One of my friends consulted a GP the other day about a puzzling ailment and was told to make an appointment to see a specialist in the nearest public hospital. So she went to the Prince of Wales Hospital, where the specialist clinic brandishes the name of Mr Li Ka-shing. I think Mr Li should ask for his money back, because this is not doing much for his reputation. The first thing you see when you get into the appointment-making area is a sign, which so stunned my friend that she took a picture of it. This tells you how long you should expect to wait before the day of your appointment comes up, depending on the type of specialist you need to see. Thus your appointment for a “general medicine” specialist will be in February. Look closer: that is February 2016. If your problem is cardiac, then April of the same year. If you need Geriatric care they make a special effort to fit you in before you join the Monty Python parrot. Your appointment will be in November … next year. Something illegible which might be Renal beats that by a month. No doubt some of these ailments proceed slowly, but I felt a twinge of sympathy for respiratory customers, who are apparently expected to hold their breath until March 2016.

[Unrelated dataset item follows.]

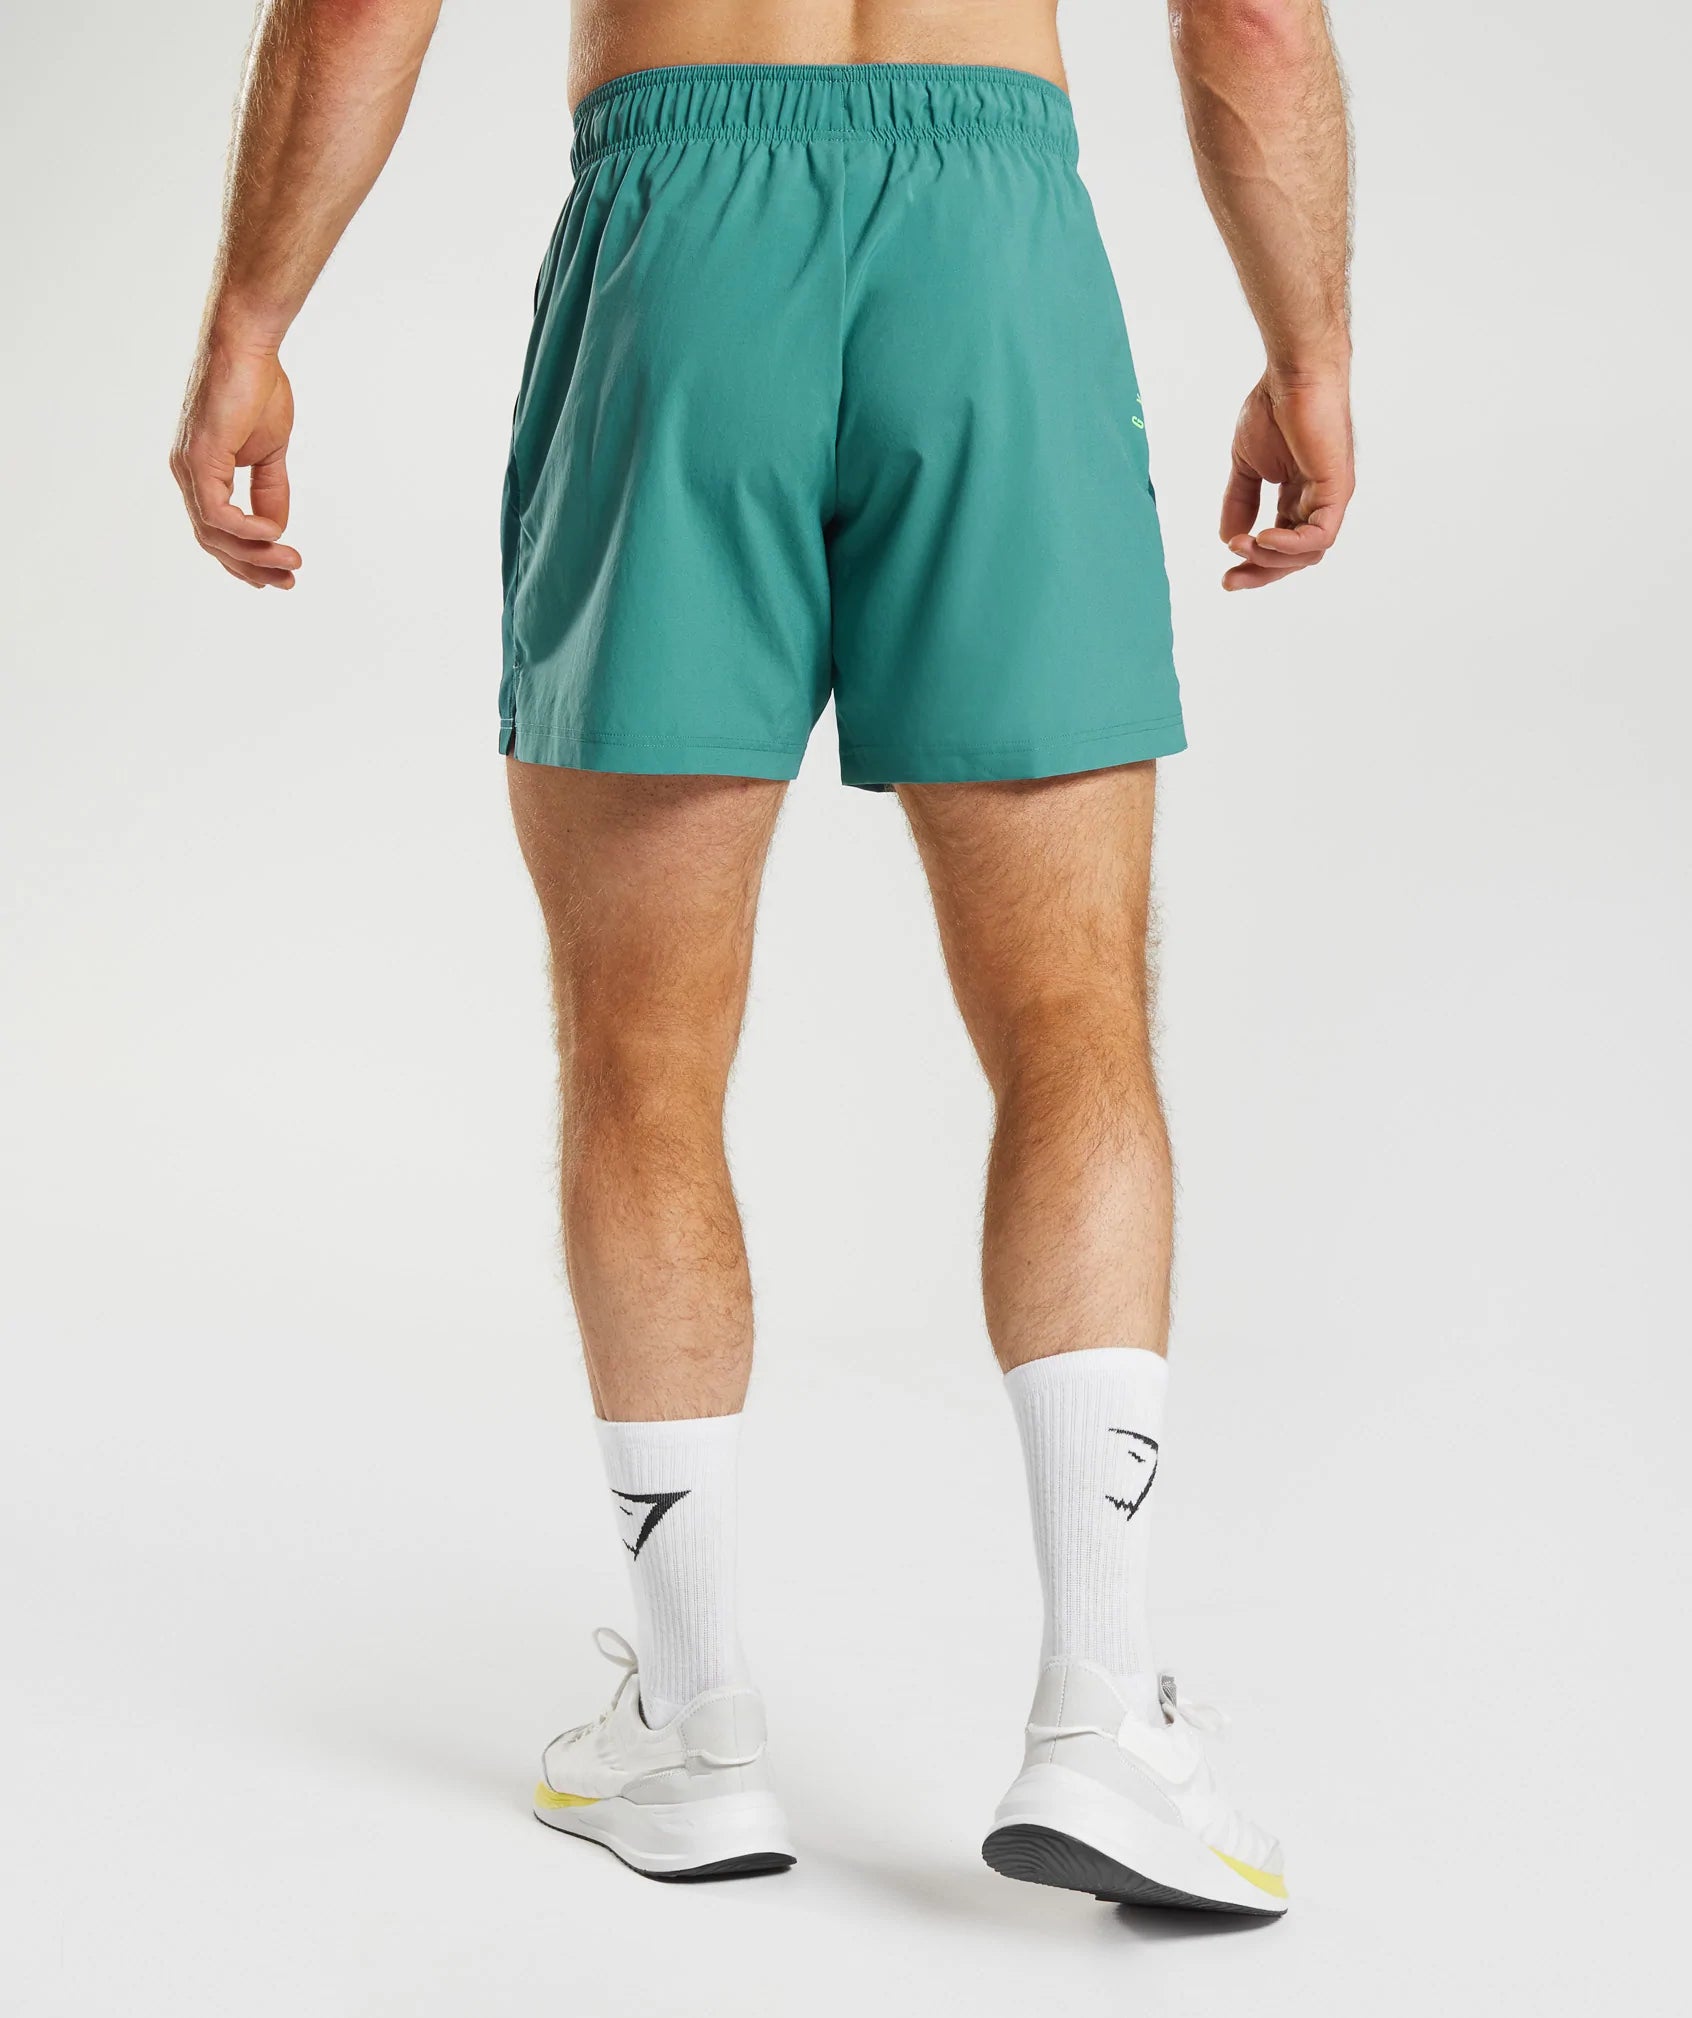 Sport Shorts in Slate Blue/Winter Teal - view 2

Now I accept that everyone concerned is working hard and doing his or her best. I am sure also that waiting periods at other public hospitals are as bad if not worse. But asking people to wait for 18 months to see a specialist is not providing a public health service; it is just drumming up business for the private sector. Consider the scenario: you see your doctor. He confesses some puzzlement. Don’t like the look of that; think you should see a specialist. You go to your specialist clinic and discover that you have to wait somewhere between 15 months and two years to have your first encounter with a specialist. This is not a wait for a bed, or for an operation, it’s just the wait for a chat with someone who will tell you whether what you’ve got is serious or not and what needs doing about it, if anything. Clearly at this point in the proceedings, unless you are down to your last cent, you are going to go private.

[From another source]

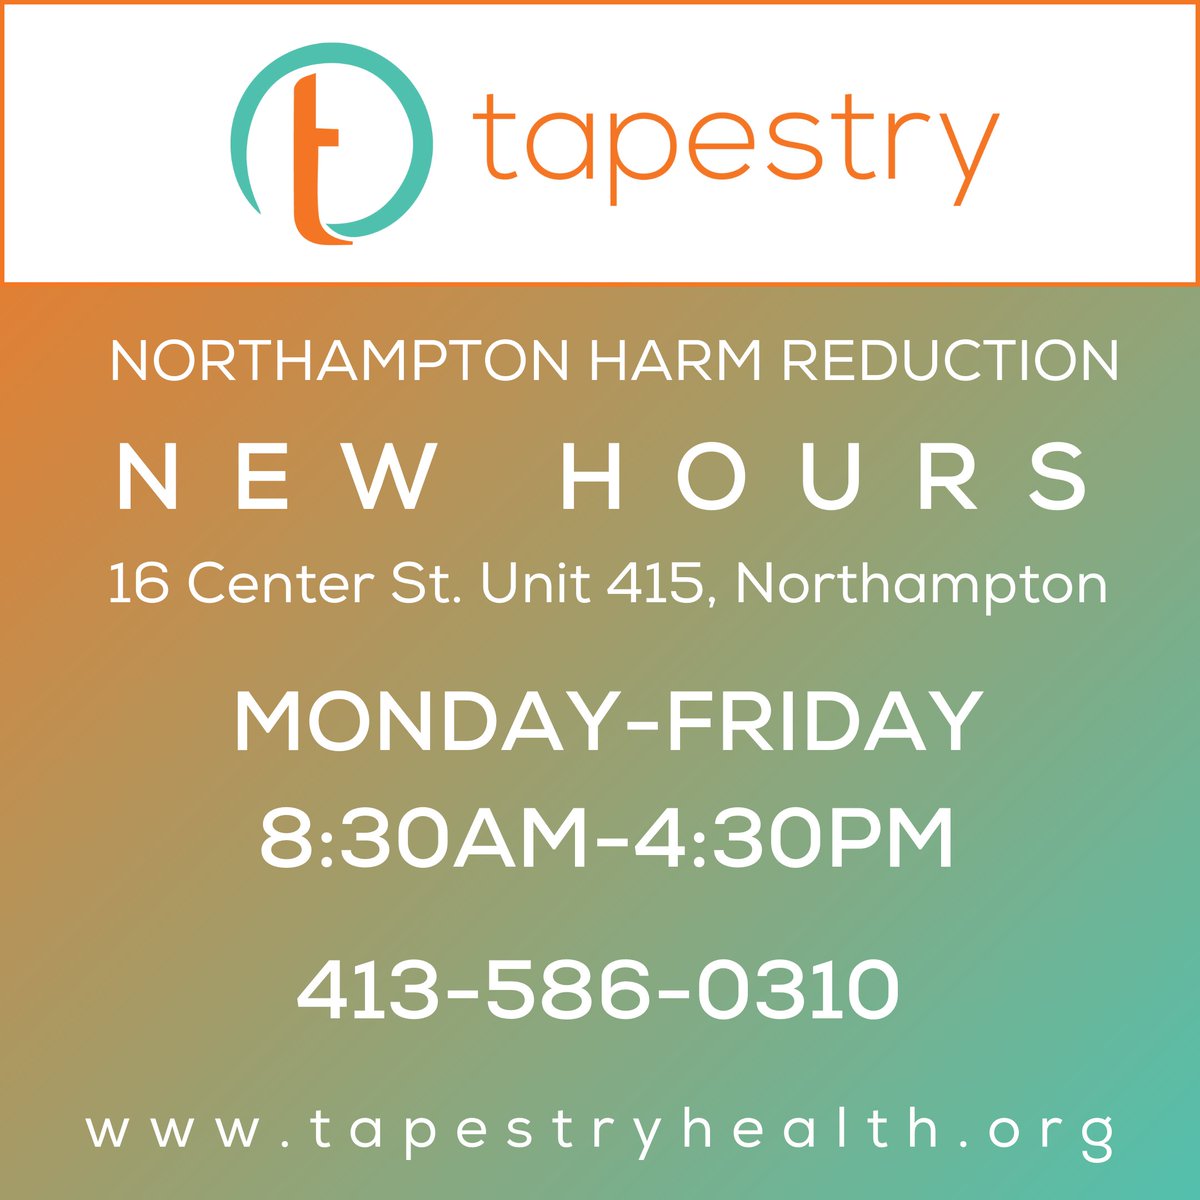 Tapestry's Northampton Harm Reduction site has new hours! 16 Center St. Suite 415, Northampton is now open Mon-Fri 8:30am to 4:30pm. We provide syringe services, Naloxone (Narcan) access and training, STI/STD testing, safer sex and use supplies, and more!  #harmreductionworks

Interestingly, there are lots of private specialists. In fact in recent years it seems that in those buildings where lots of doctors flash their names on the lift board, everyone is a specialist. A cynic might, indeed, suppose that it is rather easy for a private doctor to become a specialist, which makes an interesting contrast with the extraordinary obstacles facing doctors who qualified in perfectly respectable medical schools overseas and wish to practise in Hong Kong.
It may be, of course, that doctors have a different sense of time to the rest of us. This is certainly the kindest explanation for the report last week that the Medical Council, which regulates the profession with a gentle hand, had decided to suspend a doctor for an error she made more than nine years ago. This is not quite in the same class as the old 19th century Court of Chancery. It is generally considered that Charles Dickens was exaggerating in the account of its proceedings which he gives in Bleak House. But there is in existence a perfectly genuine recorded judgment by the then Lord Chancellor which starts with the ominous phrase “Having considered this Will for 15 years…” Indeed the Medical Council’s effort is not even a record for Hong Kong. The legendary Yaqub Khan’s case against the Hong Kong Government for unfair dismissal lasted 11 years, no doubt helped by the government’s desire to see him reach retirement age before they lost, as they did. Still, nine years is a long time. It suggests that it might not be very rewarding to complain if your doctor cuts the wrong leg off, because medical careers only last 40 years to so. By the time the Medical Council gets round to your problem there is a one in four chance the offending doc will have packed in the game anyway.
A spokesperson for the council did not help matters by parading an unusually limp set of excuses – difficulty in getting people together, finding rooms for meetings, etc. This suggests that the council does not approach some of the matters in its remit – like disciplinary proceedings – with a great sense of urgency. Part of the problem is that the council is too big. It has 25 members. No useful meeting has every been held between 25 people. The corresponding UK body has 12 people on it. Half of them are not doctors. a feature which Hong Kong has not copied.
Another problem is that the Council, and indeed the Hong Kong Medical Association, are dominated by private practitioners. This gives rise to a suspicion, which is hard to dispel, that the local profession is mainly interested in a most painful medical procedure: the amputation of the patient’s wallet. No doubt the profession would like us all to hold it in high esteem, while continuing to ensure that hospital carparks display an admirable crop of recent-model Mercedes equipment. These two objectives may not be entirely compatible.